Natoma said:
DemoCoder said:
#1 It wasn't rescinded. Get your facts straight.
The Bush Administration instructed the EPA to discard the new law just days before it was due to go into effect. This is public record. What in the world are you talking about?
Wrong. The Bush Administration reviewed all pending rules passed on Clinton's watch. The EPA was asked to review the 10ppb standard. The EPA put out a Request for Comments, and various public representatives made comments (economic, medical, environmental). You can read the reports on the EPA website. The 10ppb rule was delayed unti February 2002. After the EPA got feedback, it decided to let the 10ppb stand in October 2001. Public water systems must comply by January 2006.
It's only gotten to this point now because of his long track history of environmental nonchalance and/or bespoilment. People in general do not trust Bush on anything environmental because of his track history.
And I don't trust the anti-Bush people, because of their obvious bias and non-rigorous research into legislation and spin. People like you Natoma, will take a Sierra Club or IndyMedia article on Bush legislation at face value and never go read the original source material yourself, or spend time looking at dissenting views.
DemoCoder said:
Case in point, the Healthy Forests Initiative.
Natoma said:
Sierra Club spin regurgitation deleted "Handing forrests over to loggin industry" boooo-scary ...
Btw, I read the Sierra Club's proposal. It calls for controlled burns and removal of detritus.
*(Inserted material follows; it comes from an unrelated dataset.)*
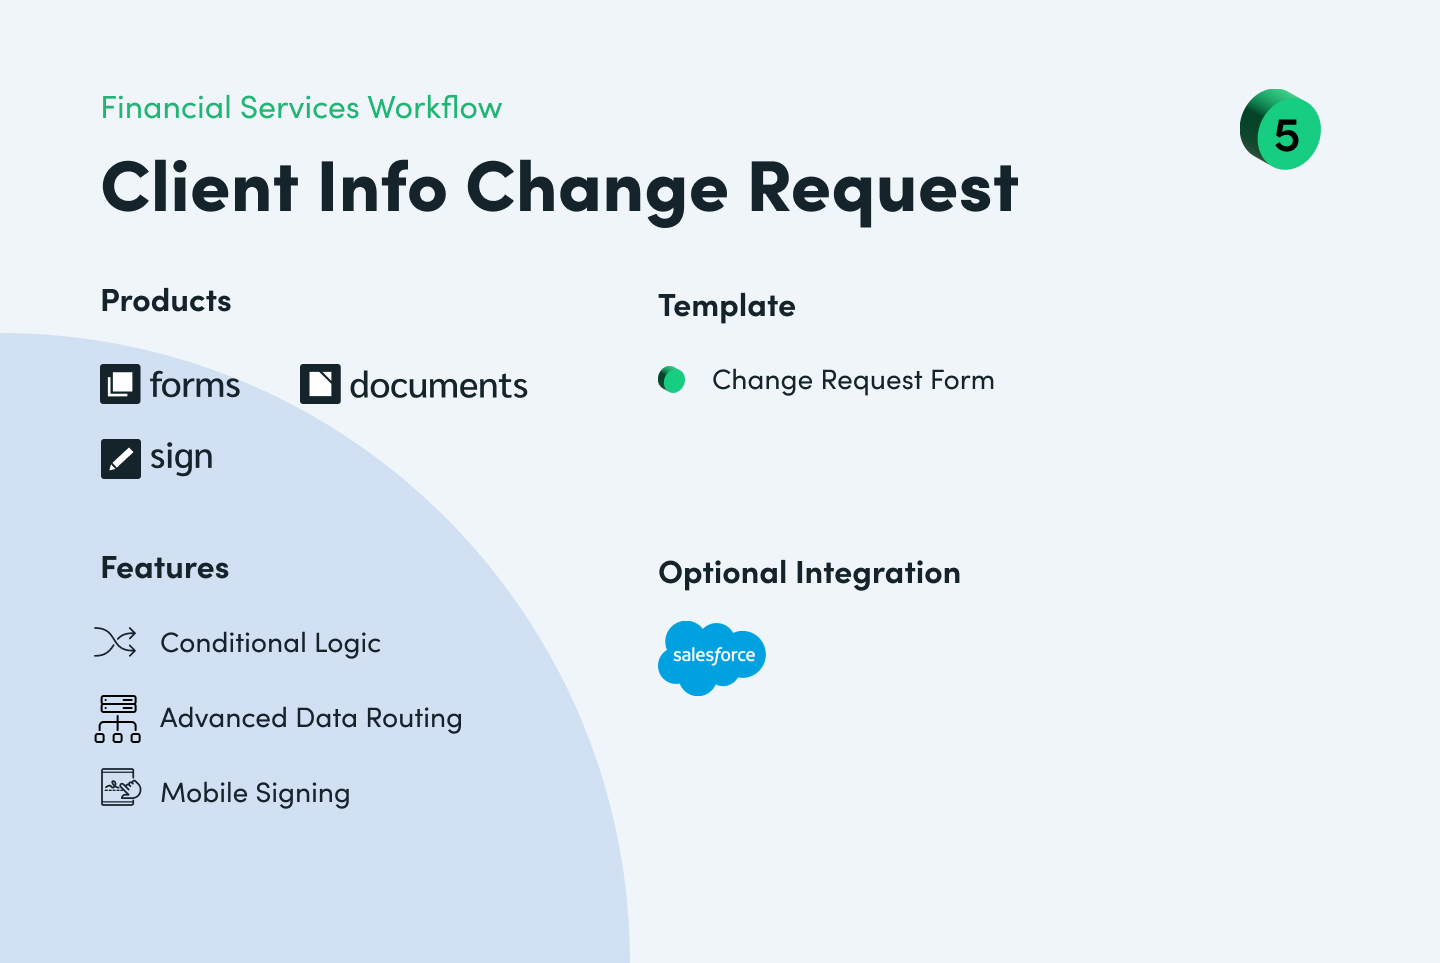 Financial Services Client Info Change Request Workflow Example

Controlled burns cannot reduce a forest with 2000 trees per acre down to proper density levels. And the last couple of "controlled burns" actually resulted in major fires (Los Alamos incineration)
yadda yadda yadda more propaganda regurgitation "Sierra Club puts Forest Service in control"...
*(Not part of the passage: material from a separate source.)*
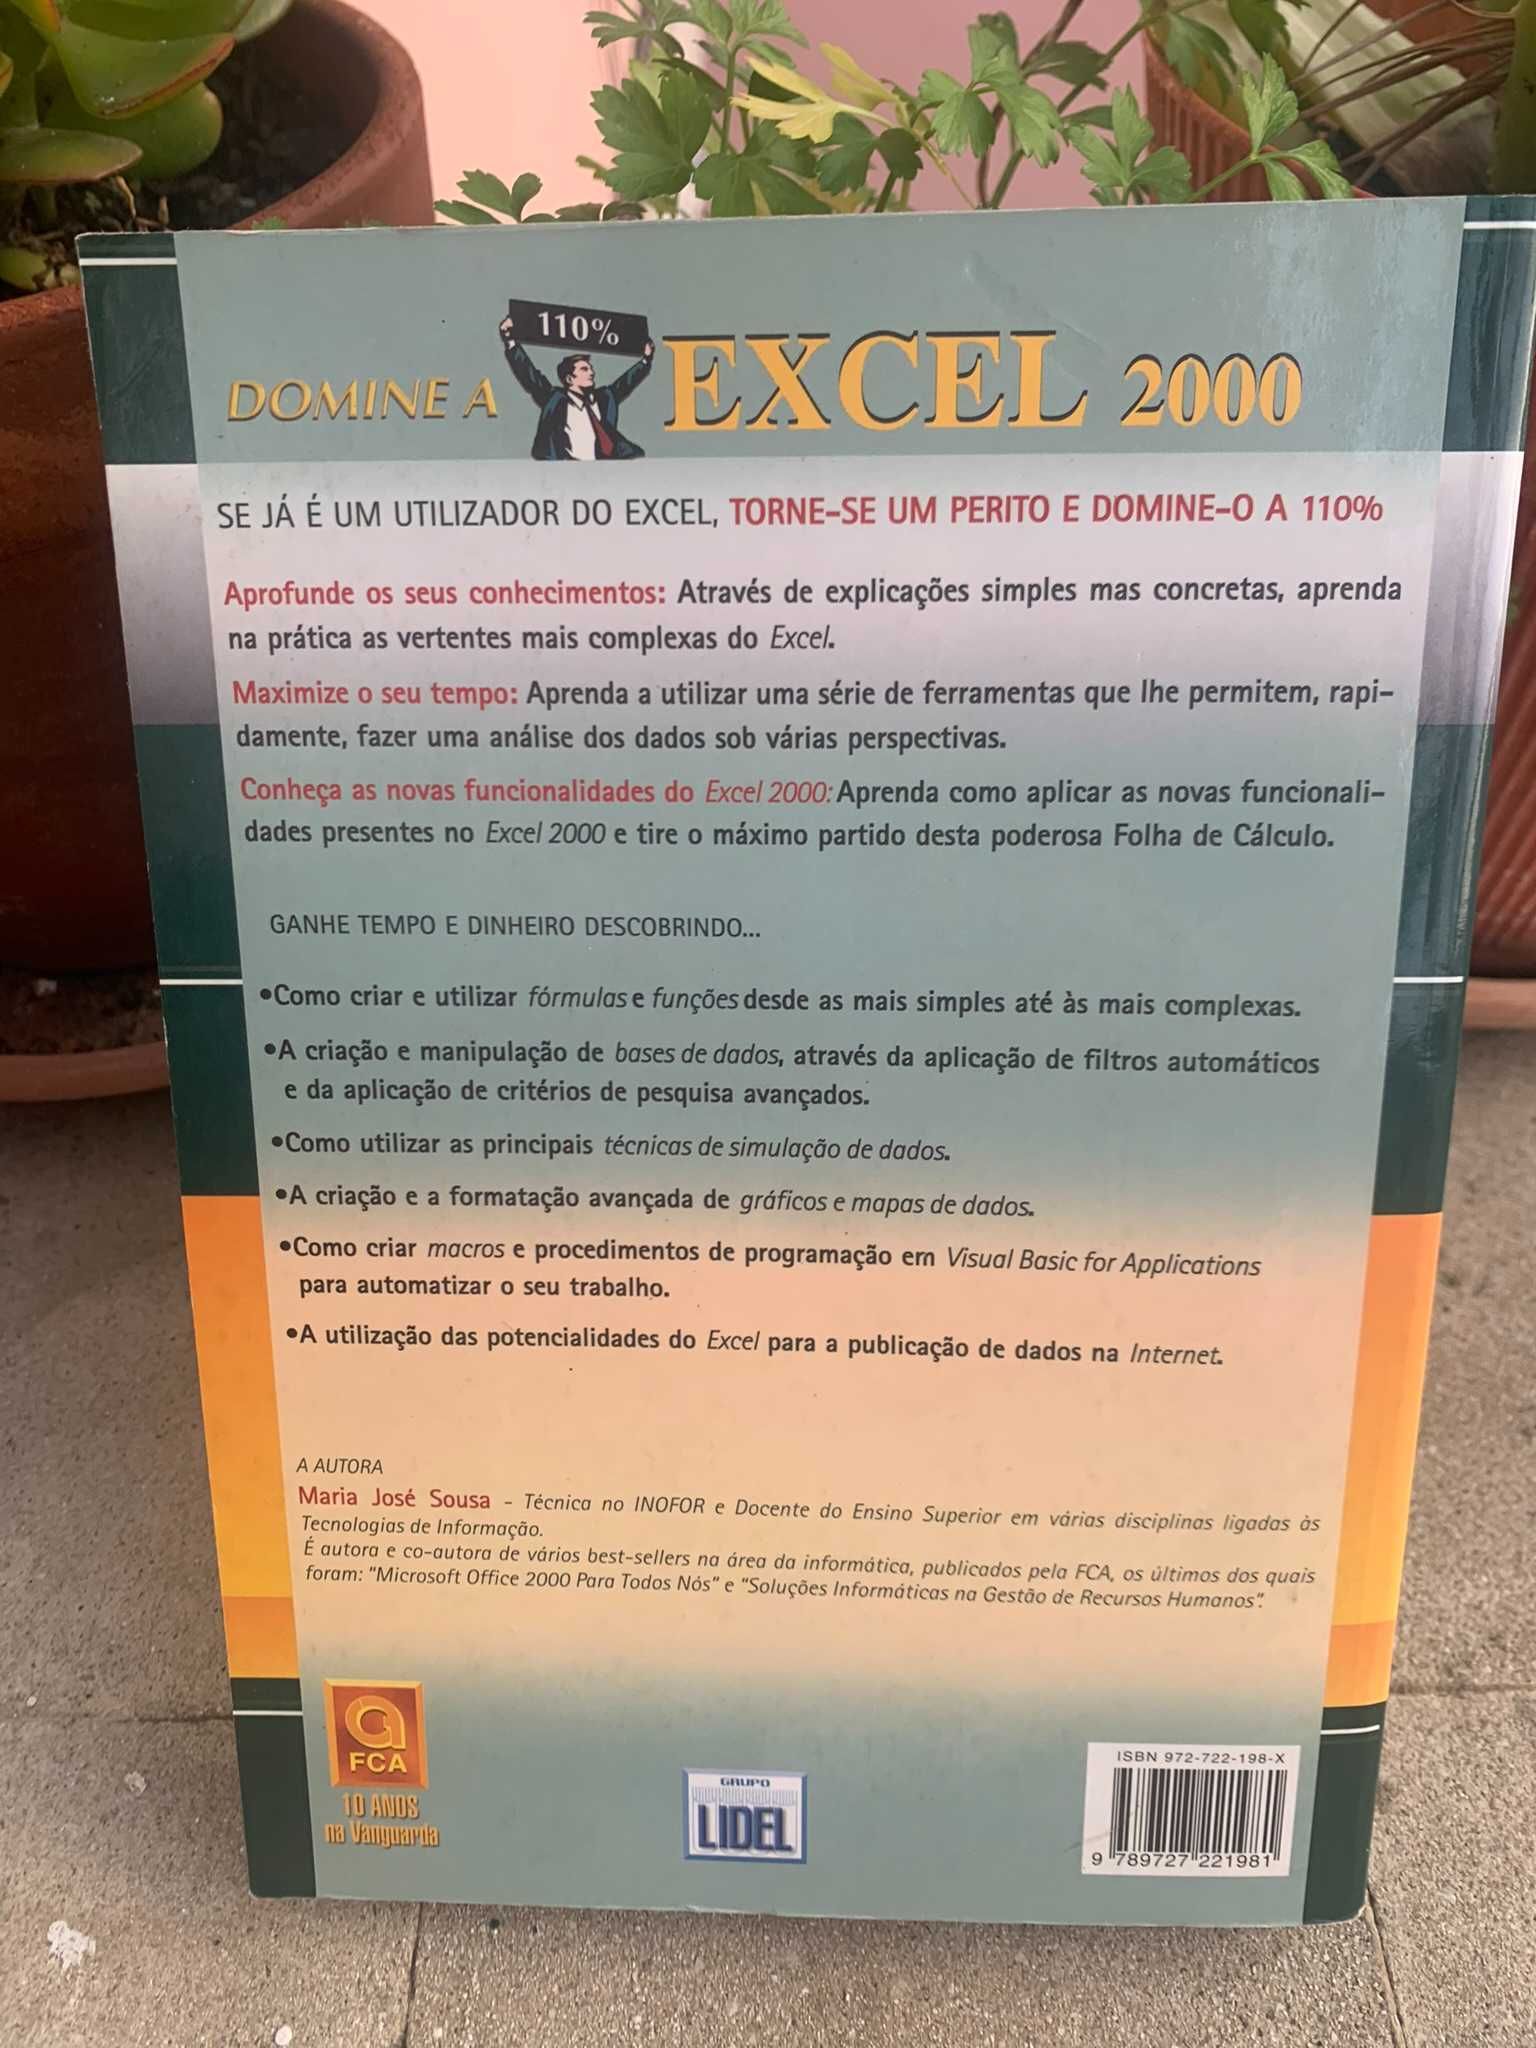 Domine a 110% Excel 2000

Show me the part of a Healthy Forests Initiative bill that hands control of the forests over to "Logging Industry" to "clear away whatever they wish". This is blantant propaganda!
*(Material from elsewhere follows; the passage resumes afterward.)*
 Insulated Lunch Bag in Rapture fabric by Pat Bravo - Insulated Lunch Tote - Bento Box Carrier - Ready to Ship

This bullshit really annoys me. I just went to the Forest Service website to check, and I read the actual text of the bill passed by congress and signed by Bush. It in fact, contains many many restrictions
any hazardardous fuel reduction project must
#1 be in compliance with all existing environmental laws and regulations, in general, areas designated as protected ecosystems, or with endangered wildlife are exempted, except in cases where the endangered wildlife is threatened by the fire itself
#2 do environmental impact analysis and provide a public report
#3 the EPA/FS must study what the alternative of "no action" would be
#4 if the local community has their own "at risk" fire plan, the EPA is
forced to consider the local community plan, and it must be reconciled in required public meeting
#5 only trees at urban interfaces are allowed
#6 old trees are restricted
#7 projects which keep more taller trees are to be given priority. small diameter trees are the priority
#8 judicial review is mandated
#9 injuctions are allowed. the only modification is that the maximum injunction time before the court must review and renew the injunction is 60 days
This is hardly "handing our forests over to the logging industry". Puh-lease. At best, logging companies have to propose a project plan to the government for thinning out forests near the public, and it must be reviewed on environmental grounds, it must be criticized in open public meetings, the local community can propose their own alternative plan which gets priority, and the total sum of all land that can possibly be harvested in the worst case if everyone got every project approved for every inch of land is 20 million acres.
Everytime I get into a debate on this board over government policy or statistics, I go directly to .GOV, .INT, or .EU websites to get the actual text of the laws (e.g. patriot act, HFI, CSI, etc BLS, IRS, DOL statistics, etc). Meanwhile, it seems the "progressives" on this board spend time parroting indy sites with hyperbolic rhetoric and blatant propaganda.